Gear Review: Fast Ice Cordless Ice-Screw Drill

Reviewing gear is similar to getting old

Modifications in the gear are gradual. Then you appear at a photo from a decade ago, gasp and say, “Oh, man, we used to have hair!” or, “We climbed in those!”

The Fast Ice cordless drill provides an alternate reality, one where every thing is different at a snap of this fingers. The Fast Ice screws ice screws into ice for you personally. With the Fast Ice you often don’t have actually to chop away surface ice or peck a pilot hole. Nor are you forced to place the screw at chest level or below and immediately be go out. The Fast Ice blasts the screw right through many surface crud or even between icicles without damaging valuable ice, and you can place pro as high as you can reach, up or way off to the side. As opposed to getting moved twisting in the screw, you just pull the drill trigger. Want a screw on the lip of this ice curtain? ZAP!
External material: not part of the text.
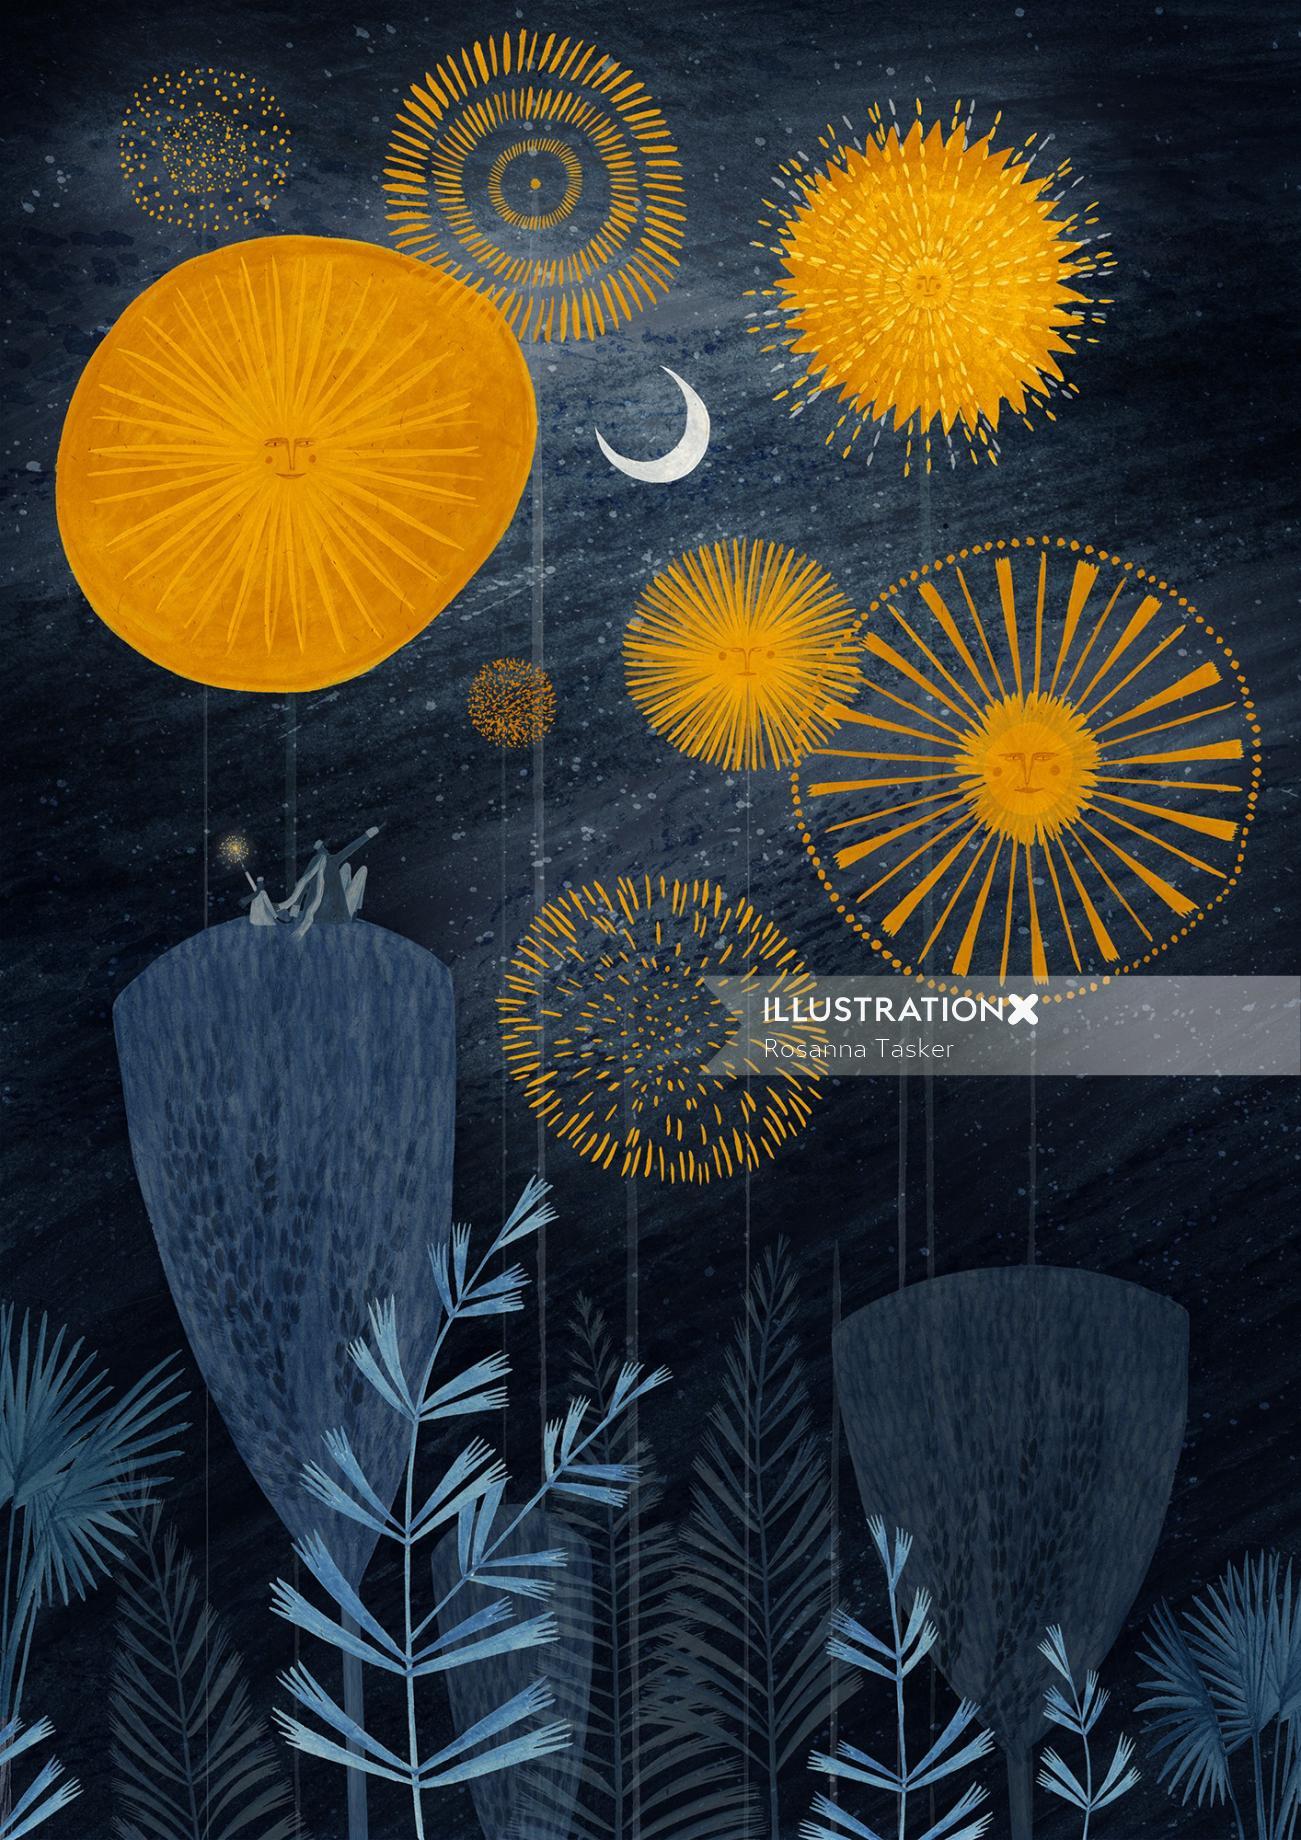 fireworks, firework, bonfire, bonfire night, night time, magic, stars, planets

Gear Review: Fast Ice Cordless Ice-Screw Drill

The newest system does take practice. Loading the screw to the drill isn’t difficult, but you can fumble. Extracting the drill from its chest holster is a subtle lift and change, a procedure you’ll flub in a moment of panic. It took me personally a few days to become adept. You probably won’t just like the Fast Ice the first day, possibly two. Stick with it. I can now load a screw and unholster the drill in seconds. It will help to keep the drill adapter and chuck slicked up because of the included lube, and adjust the holster and harness perfectly for you.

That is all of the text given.